[Supplied information]

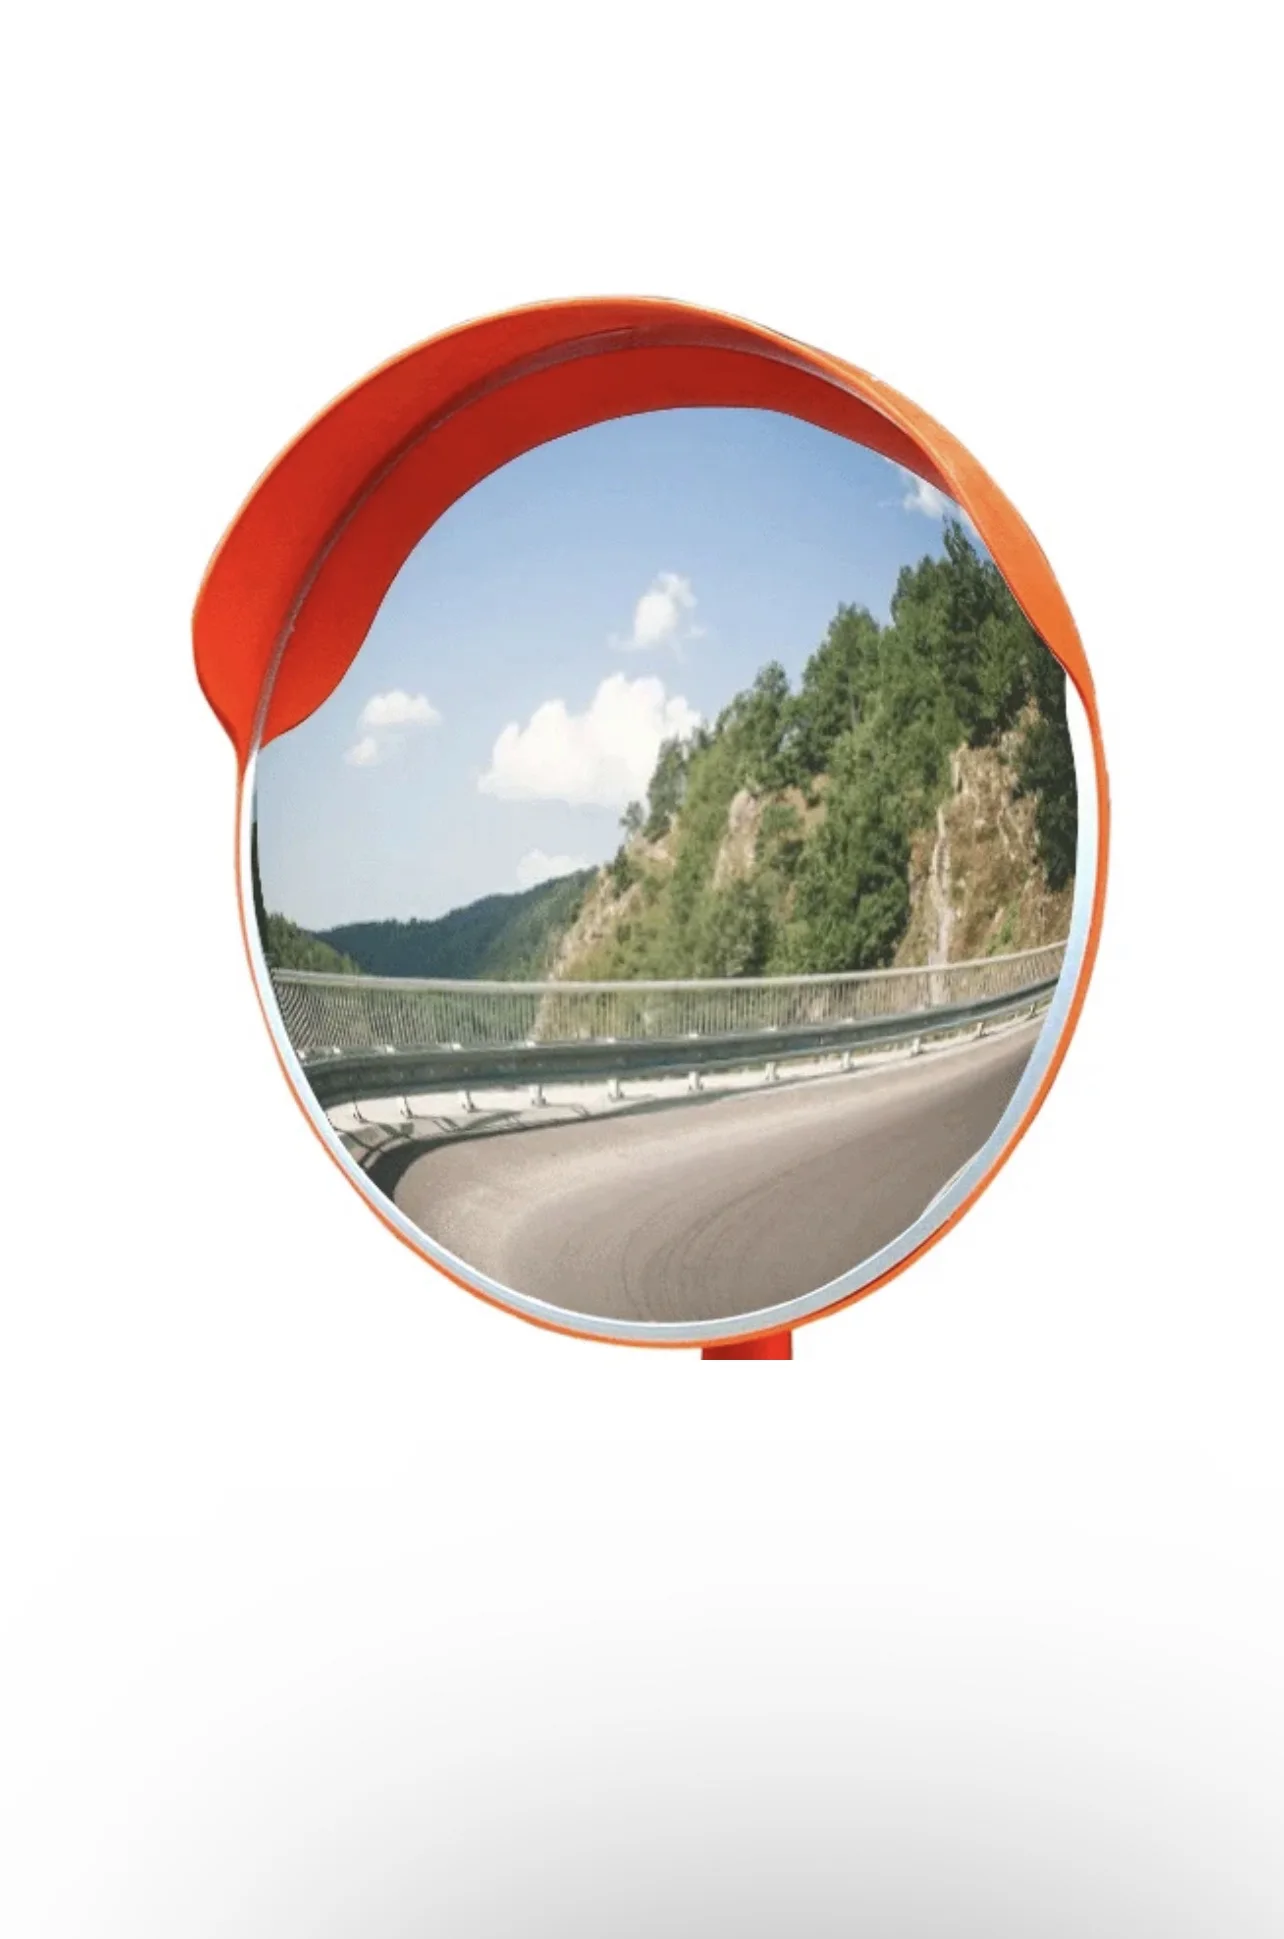 Convex Mirror For Road Safety Used In U-Turn- 45cm
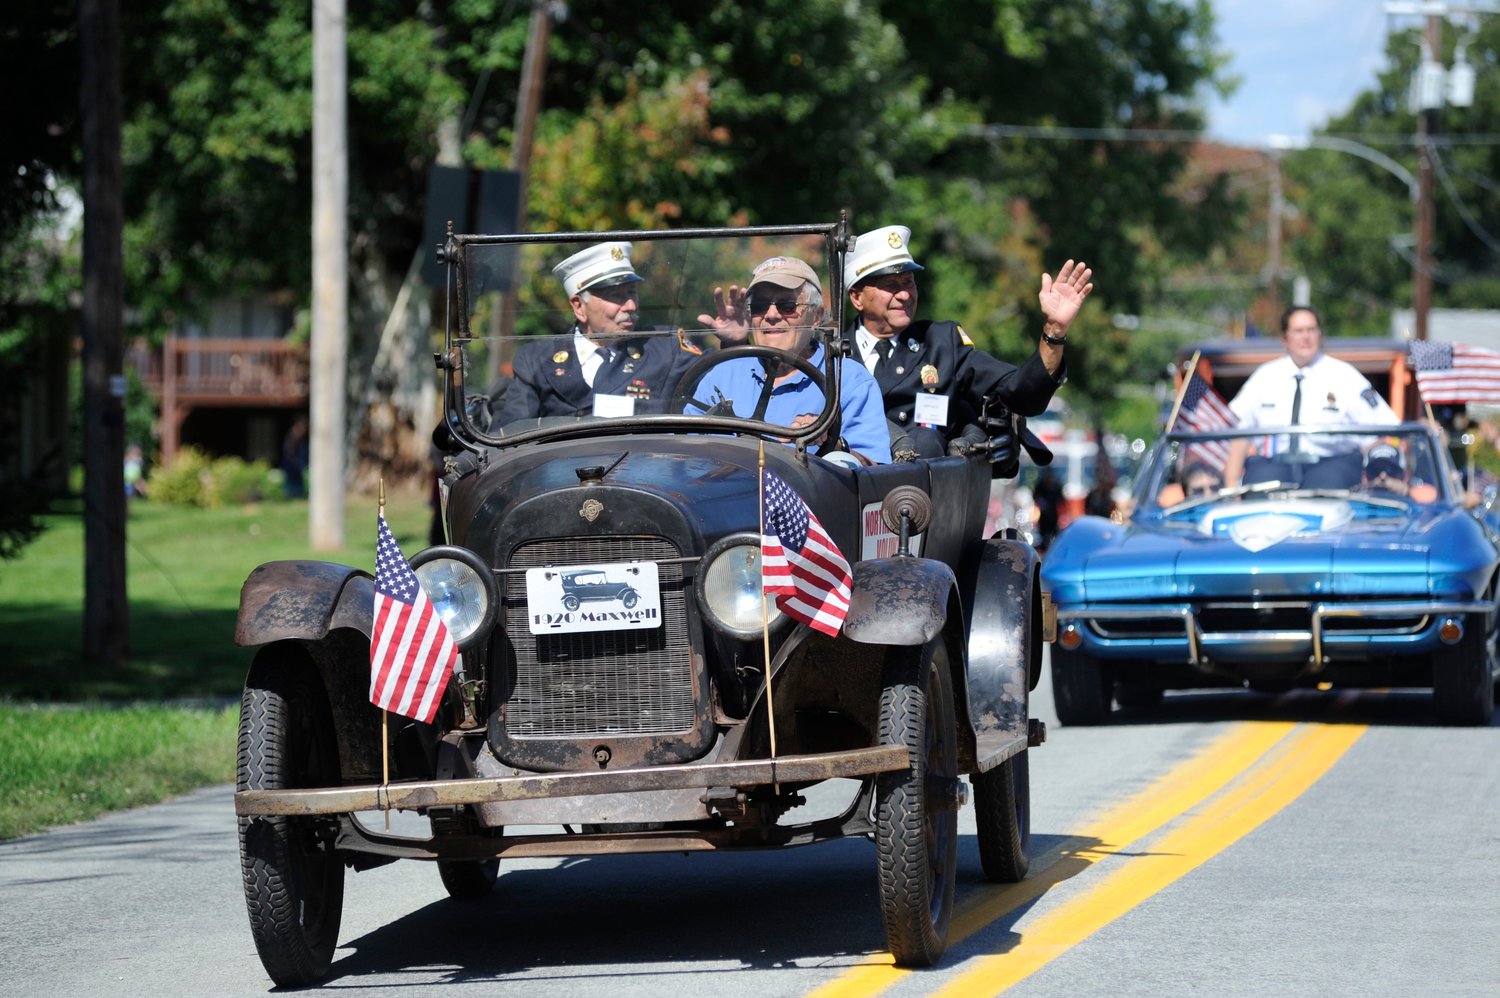 The Northeast Pennsylvania Volunteer Firemen’s Federation was on hand to celebrate their 91st Anniversary in a 1920 Maxwell touring car.
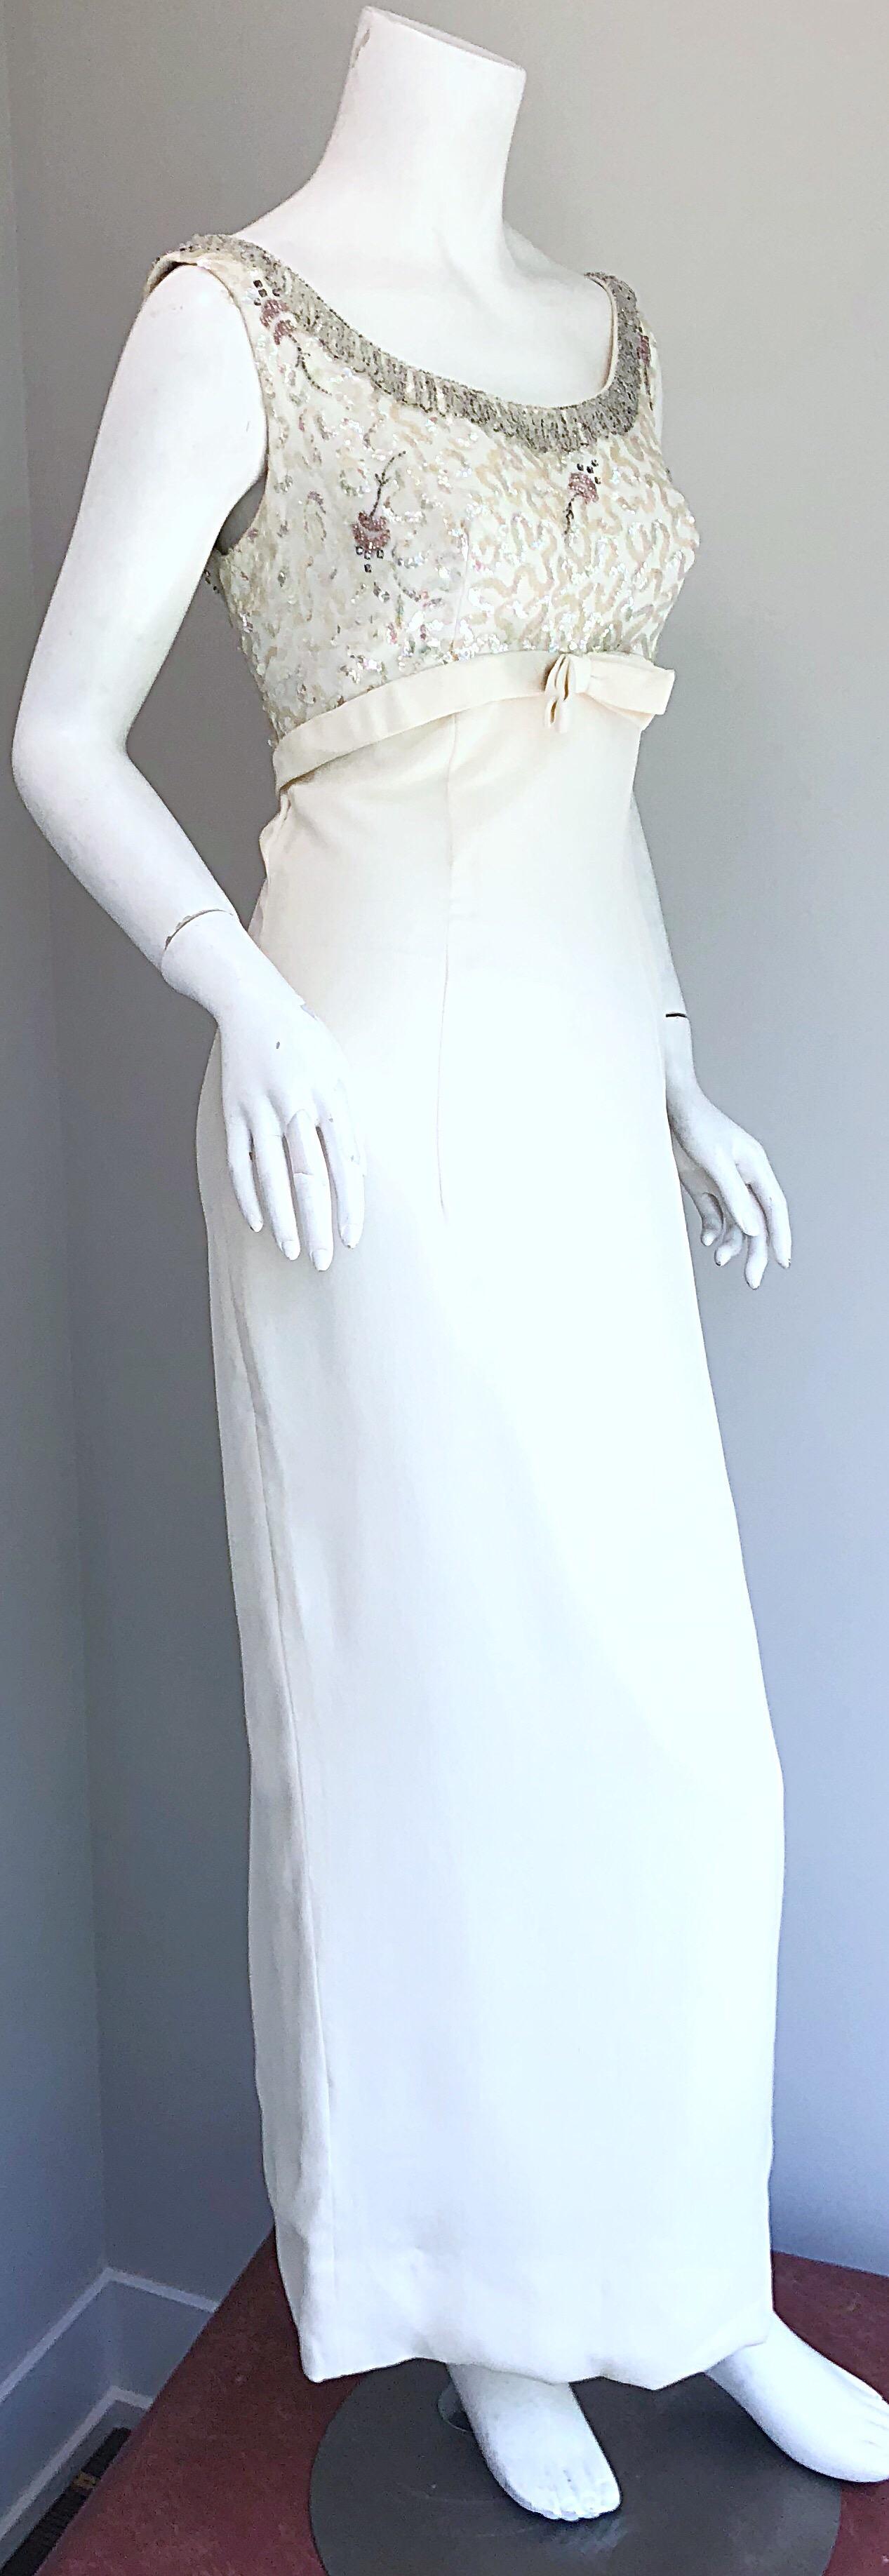 Gorgeous 1960s White Sequin Beaded Vintage Crepe 60s Evening Gown Dress 2
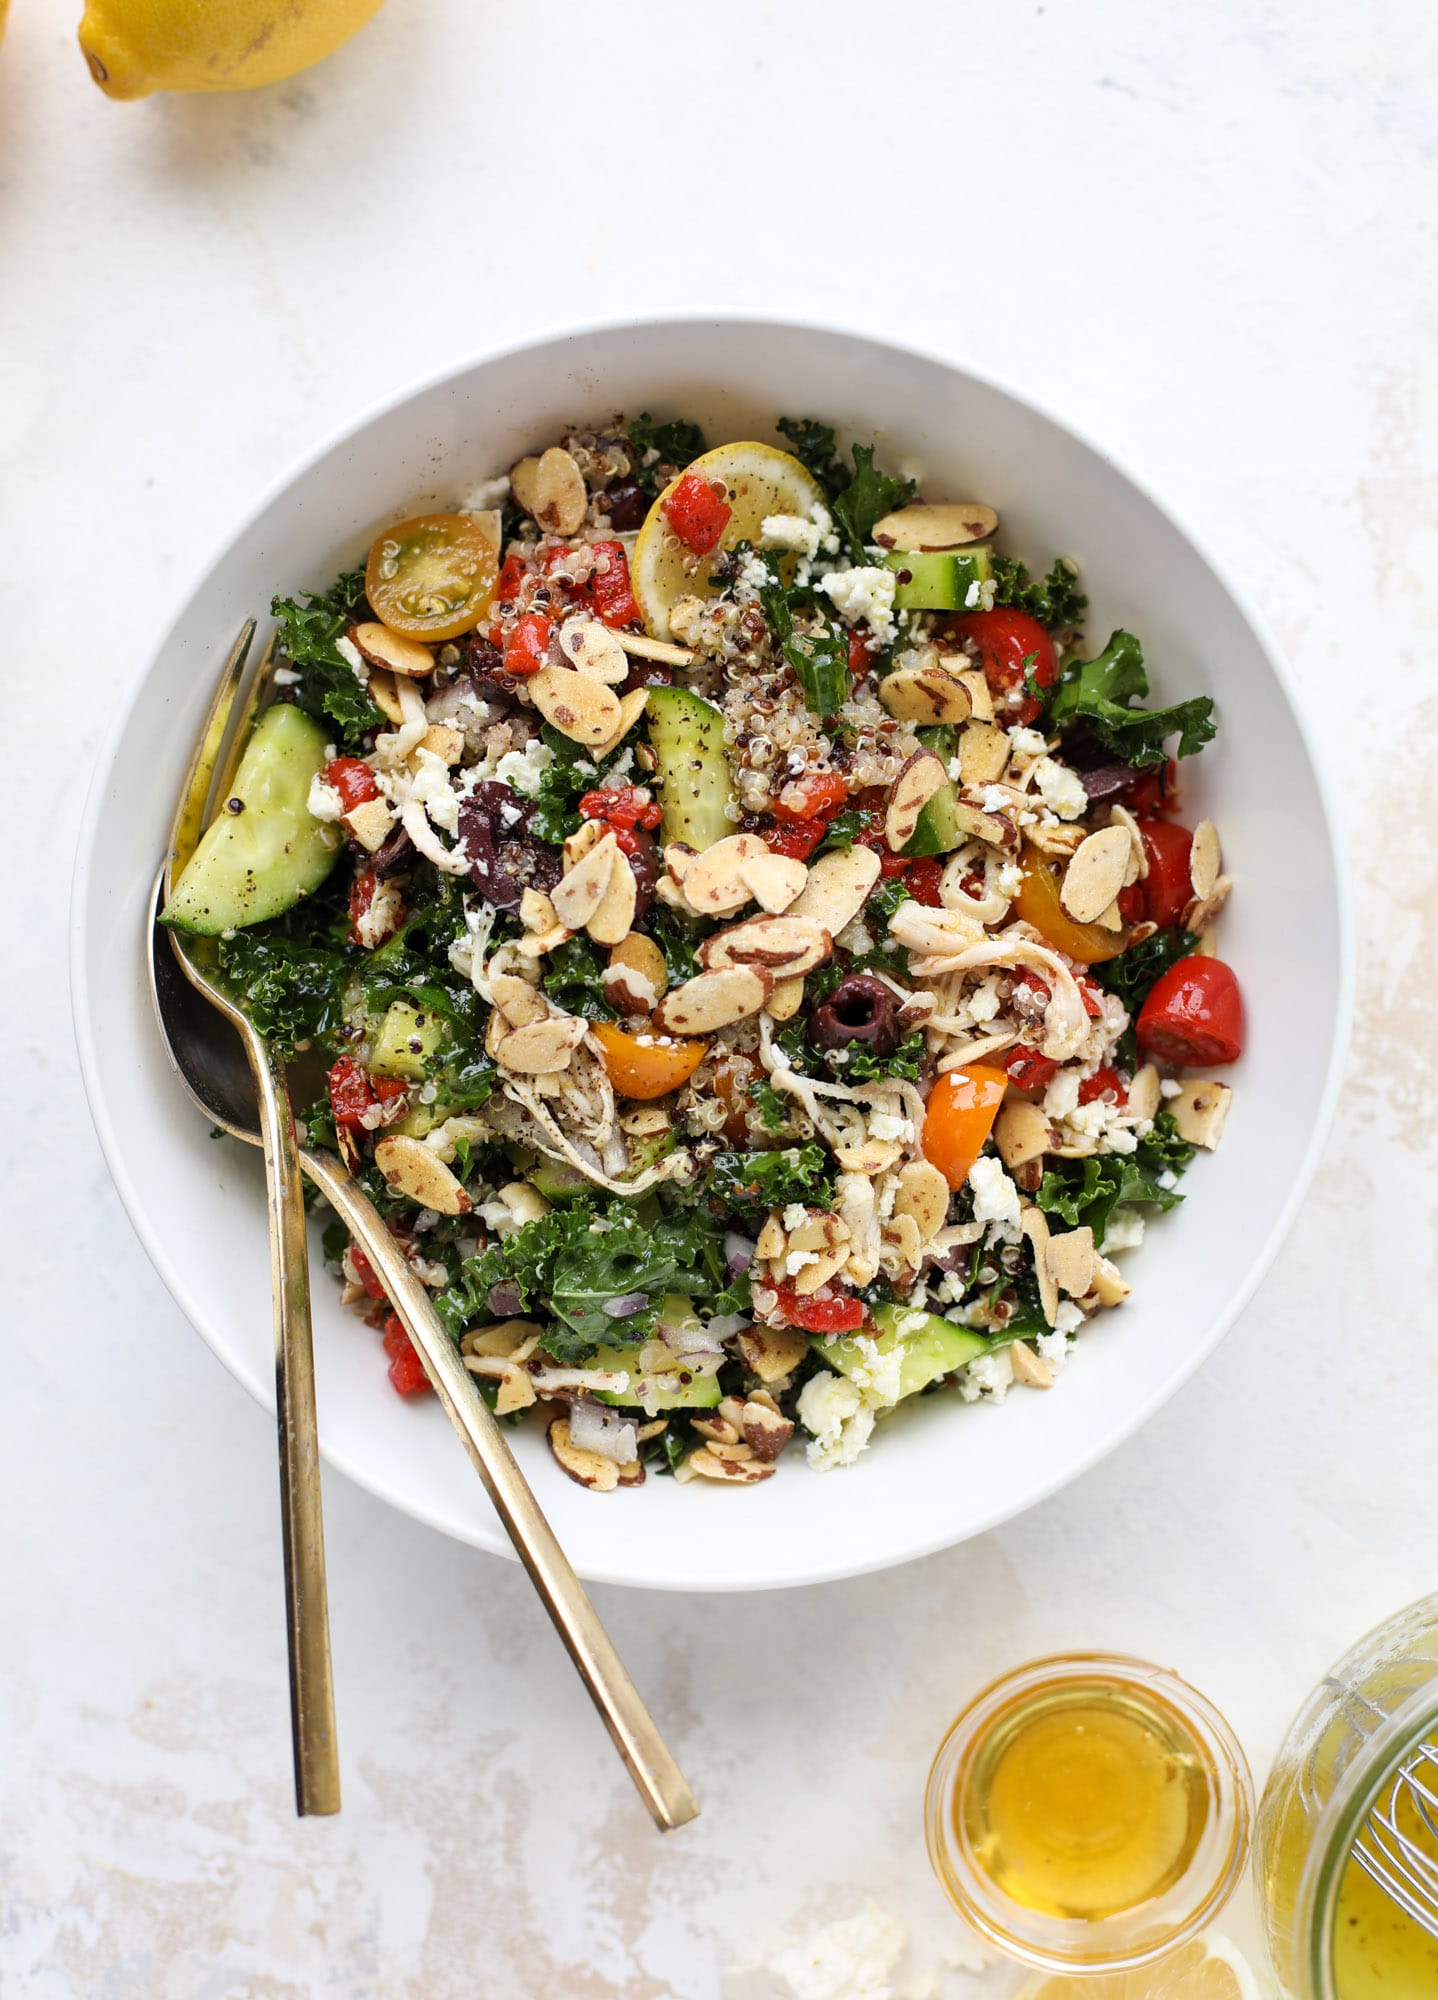 This mediterranean kale and quinoa salad is a copycat for the delicious Panera Bread Modern Greek Salad with Chicken. Super easy and satisfying! I howsweeteats.com #mediterranean #kalesalad

[/Supplied information]

• Try it
Leave out the pictures and set down all of the data exactly.

• Answer to this task
 Convex Mirror For Road Safety Used In U-Turn- 45cm
 The Northeast Pennsylvania Volunteer Firemen’s Federation was on hand to celebrate their 91st Anniversary in a 1920 Maxwell touring car.
 Gorgeous 1960s White Sequin Beaded Vintage Crepe 60s Evening Gown Dress 2
 This mediterranean kale and quinoa salad is a copycat for the delicious Panera Bread Modern Greek Salad with Chicken. Super easy and satisfying! I howsweeteats.com #mediterranean #kalesalad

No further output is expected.